CLOs and the Political Economy of Post-Crisis Financial Reform

Presenter: Maia Mints

Faculty Sponsor: Kevin L. Young

School: UMass Amherst

Research Area: Business & Economics

Session: Poster Session 1, 10:30 AM - 11:15 AM, Auditorium, A74

ABSTRACT

The Global Financial Crisis of 2008 introduced the U.S. securitization industry to unprecedented public scrutiny and government intervention, as securitized products became central to financial stabilization measures and legal reforms.
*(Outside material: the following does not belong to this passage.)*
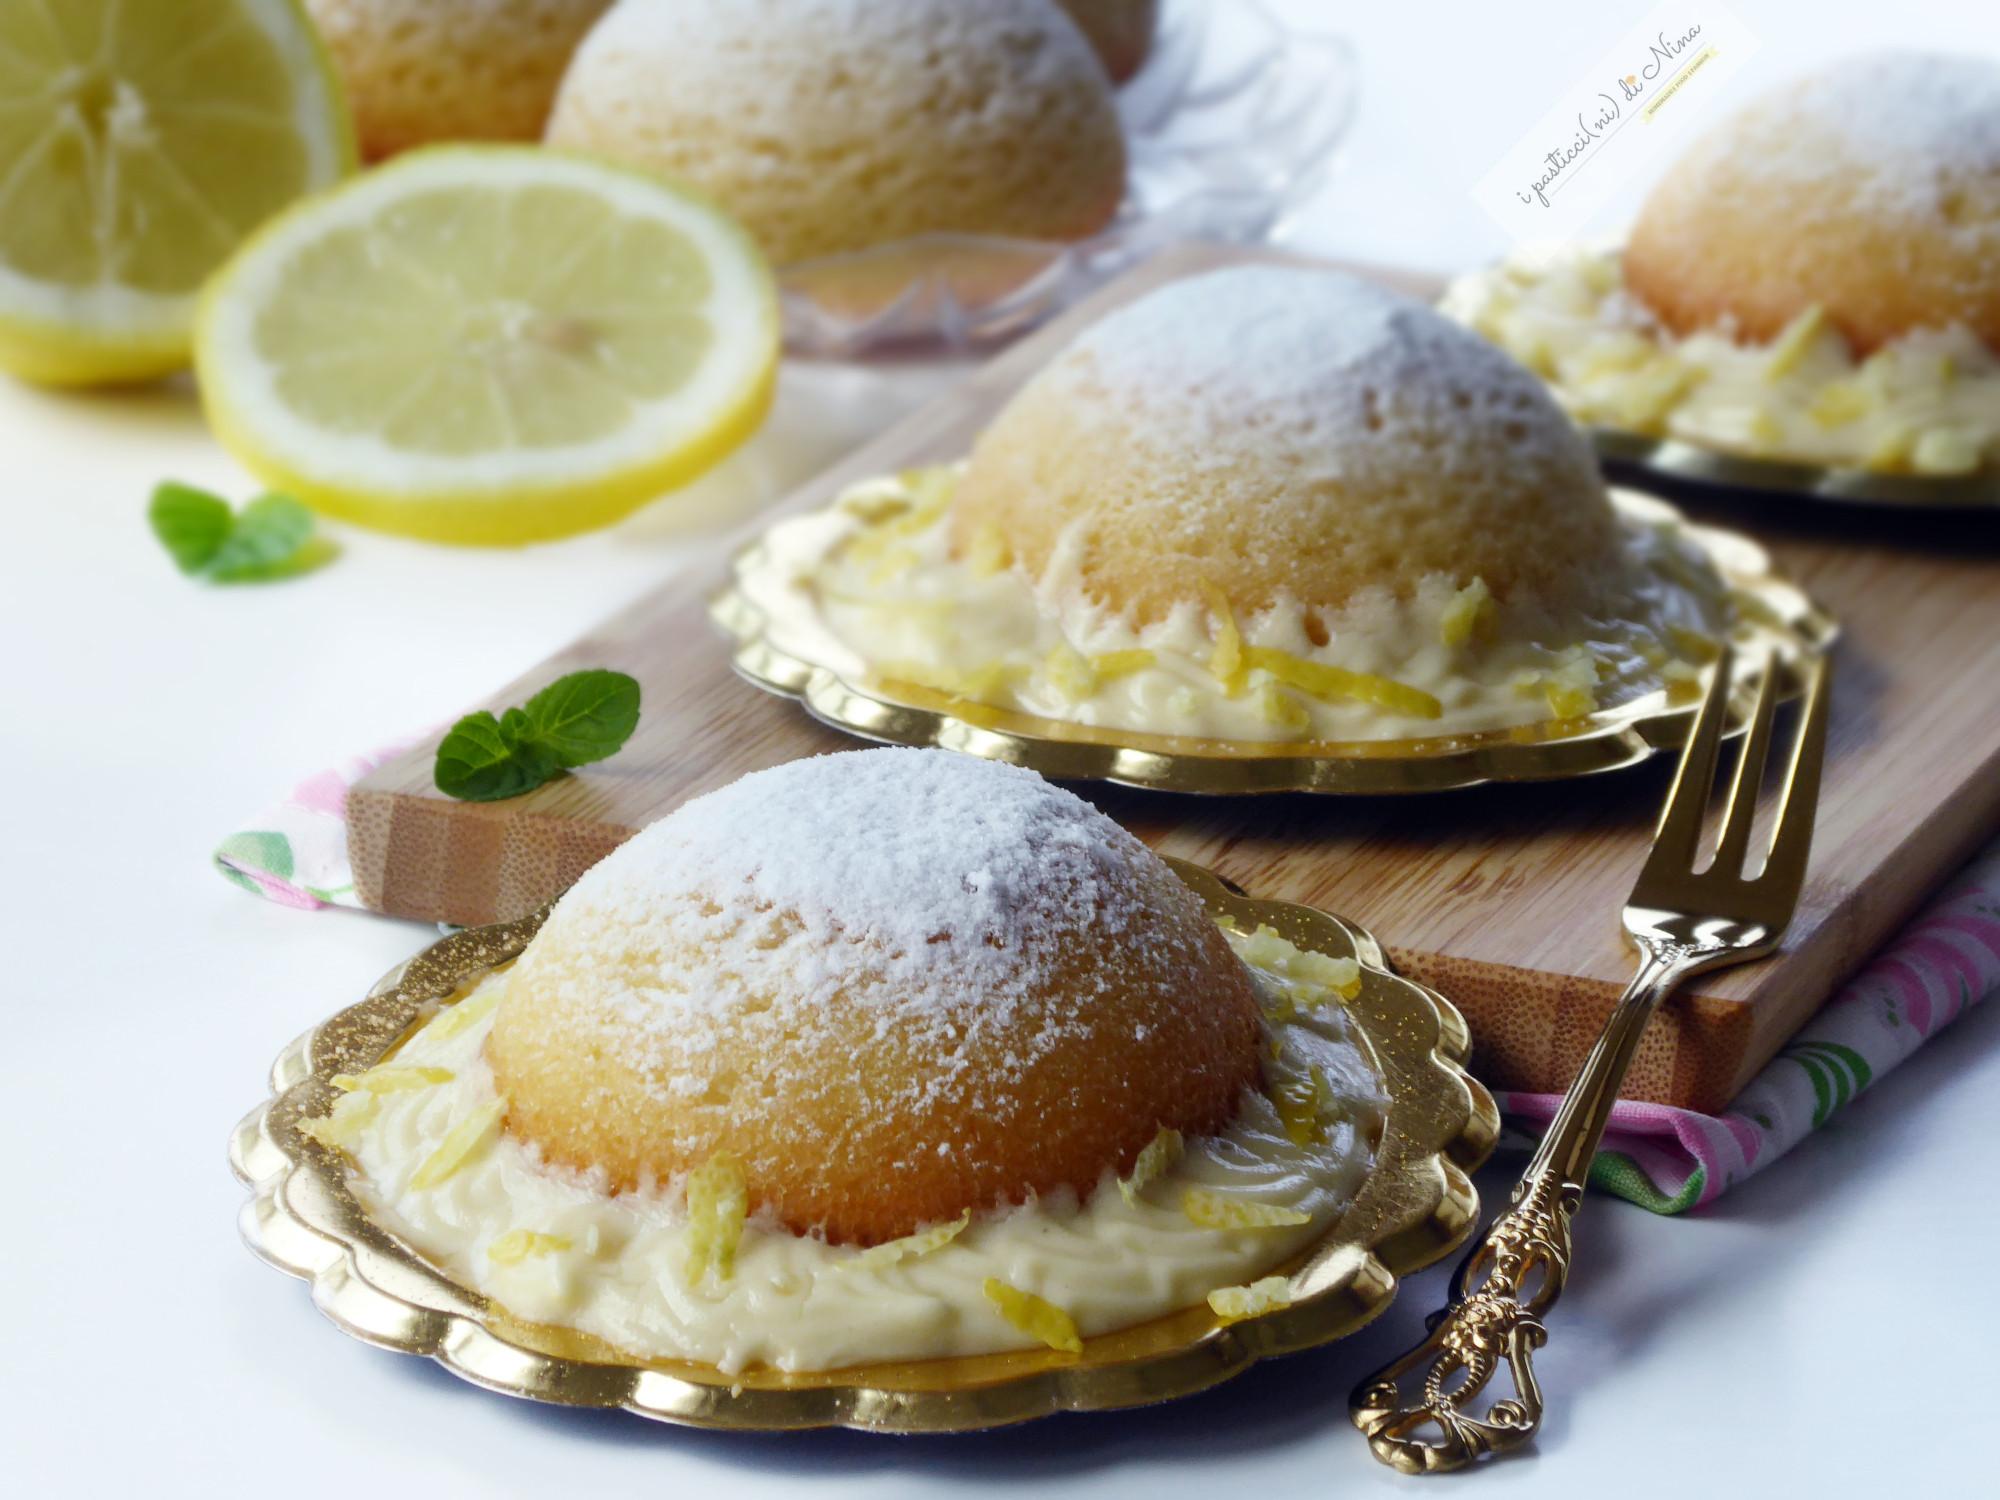 Semisfere soffici con crema al limone chantilly

Statutory reconfigurations took form in the Dodd-Frank Wall Street Reform and Consumer Protection Act of 2010. While Collateralized Debt Obligations (CDOs)—structured pools of diversified debt securities—never fully rebounded from their losses, their corporate-loan-backed counterparts, Collateralized Loan Obligations (CLOs), have emerged as a central pillar of current credit markets. While research has documented the scale and mechanics of CLO markets, less attention has been paid to the political design of their statutory governance. This paper examines whether the statutory construction of CLO governance in Dodd-Frank reflects differentiated forms of structural power—influence derived from a firm’s position within financial markets—operating across legislative and regulatory arenas. Using a mixed-methods design, the study combines qualitative process tracing of securitization provisions with quantitative structural power analysis. Legislative records are used to reconstruct institutional access points and forms of participation, including testimony, lobbying, and commentary. The quantitative component measures how structural prominence—the relative position of firms within financial markets—relates to instrumental activity in predicting preference attainment, assessed longitudinally via content analysis of stakeholder positions at access points, and increase in structural prominence, extended to downstream rule-making. Preliminary research suggests that structurally prominent actors demonstrate higher levels of instrumental engagement, while preference attainment is more pronounced among firms in lower-salience, highly technical domains during rule-making.